Em 2021 houve um aumento de 41,9% das mortes de gestantes no País; principal causa é negligência dos serviços de saúde, diz Cristiane da Silva Cabral
Muito foi discutido sobre a vacinação das grávidas ou se o vírus da covid-19 era transmitido ao bebê caso a mãe fosse infectada, mas toda a mudança fisiológica que acontece no corpo de uma gestante não foi efetivamente levada em conta. Elas estão mais suscetíveis ao vírus porque seu sistema imune está mais fragilizado.
Um seminário promovido nesta semana pela Faculdade de Saúde Pública (FSP) da USP se propôs a discutir a saúde sexual e reprodutiva pós-pandemia de covid-19. Um dos efeitos mais marcantes e preocupantes abordados pelo seminário foi a situação das grávidas e puérperas durante a pandemia. A taxa de infecção e mortalidade aumentou exponencialmente, enquanto o atendimento e tratamento daquelas infectadas pelo vírus diminuiu.
Com a reorganização dos hospitais e a destinação de leitos de maternidade e parto, internação e serviços pré-natais aos infectados pela covid-19, a atenção às grávidas foi deixada não em segundo plano, mas sim em terceiro. “O serviço de saúde foi desmantelado e os efeitos disso para a saúde reprodutiva são enormes”, explica Cristiane da Silva Cabral, do Departamento de Saúde, Ciclos de Vida e Sociedade da Faculdade de Saúde Pública da USP.

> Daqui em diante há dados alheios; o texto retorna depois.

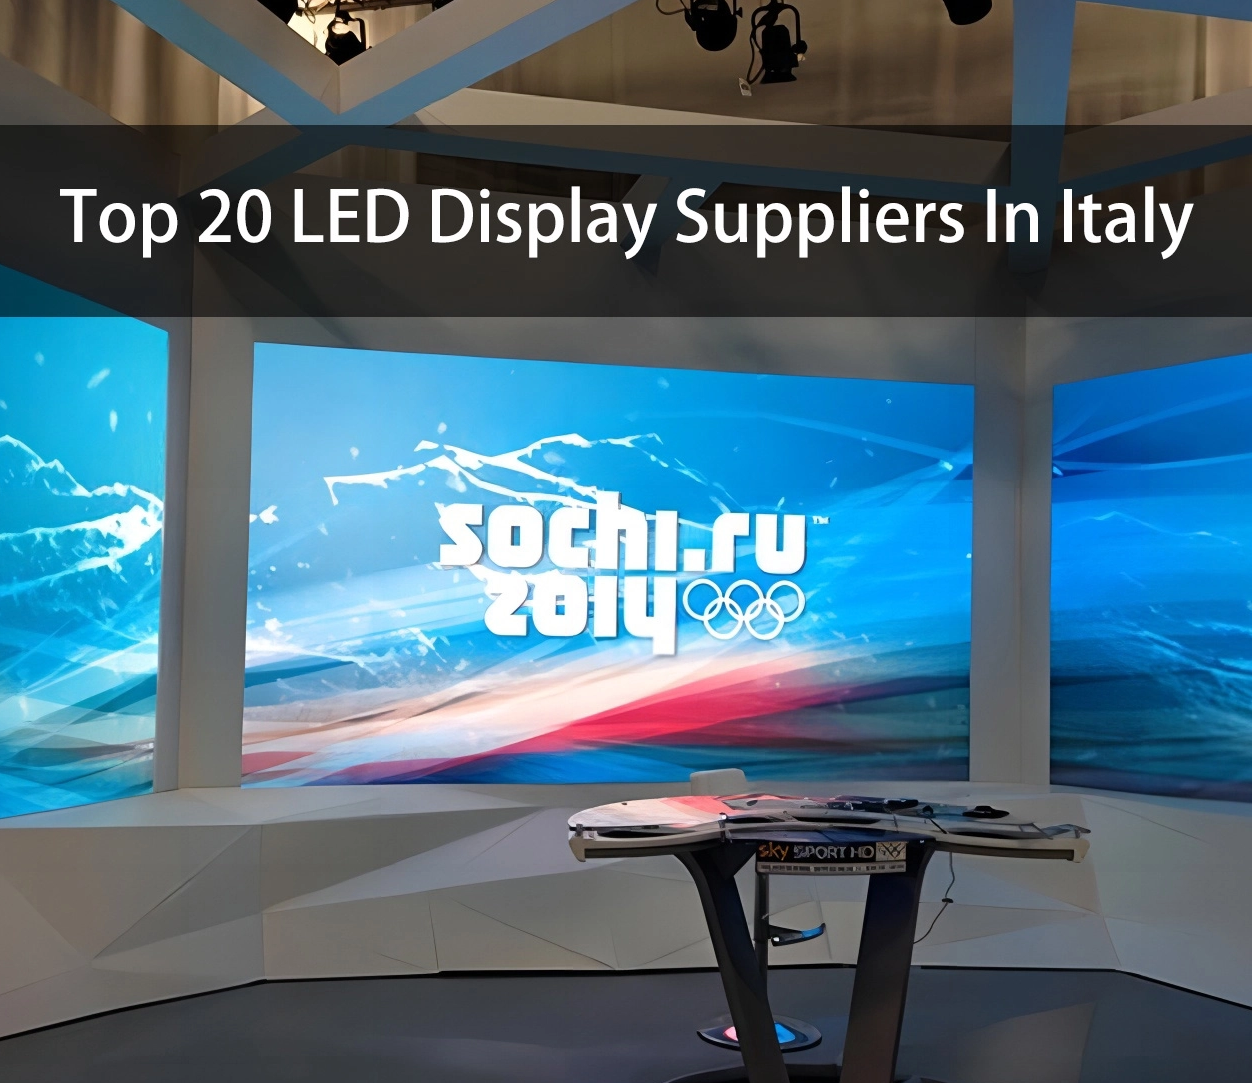 Top 20 LED Display Suppliers In Italy

“Uma das coisas que a gente discute muito são os indicadores de mortalidade materna, a gente tinha diminuído cada vez mais a quantidade de morte materna por 100 mil habitantes. Agora, a gente voltou aos patamares dos anos 90, em função da pandemia”, diz a professora. Dados de um estudo da Fiocruz Amazônia apontam que, durante os cinco trimestres consecutivos avaliados – março de 2020 a maio de 2021 –, foram identificadas 3.291 mortes no Brasil. Isso representa 70% de mortes além do esperado.
Os dados são mais preocupantes porque as mortes poderiam ter sido evitadas. A causa do aumento da mortalidade assusta mais ainda: a forma como a pandemia foi gerenciada não levou em conta a saúde da mulher grávida. Segundo um estudo publicado na Lancet Regional Health – Americas, uma em cada três mulheres grávidas com covid-19 em situação de tratamento intensivo não recebeu o atendimento necessário. Esse mesmo estudo conduziu uma pesquisa com 25 parentes de grávidas que morreram por conta da covid-19. Foi revelado que algumas grávidas chegaram a ir em cinco centros de saúde antes de receberem atendimento.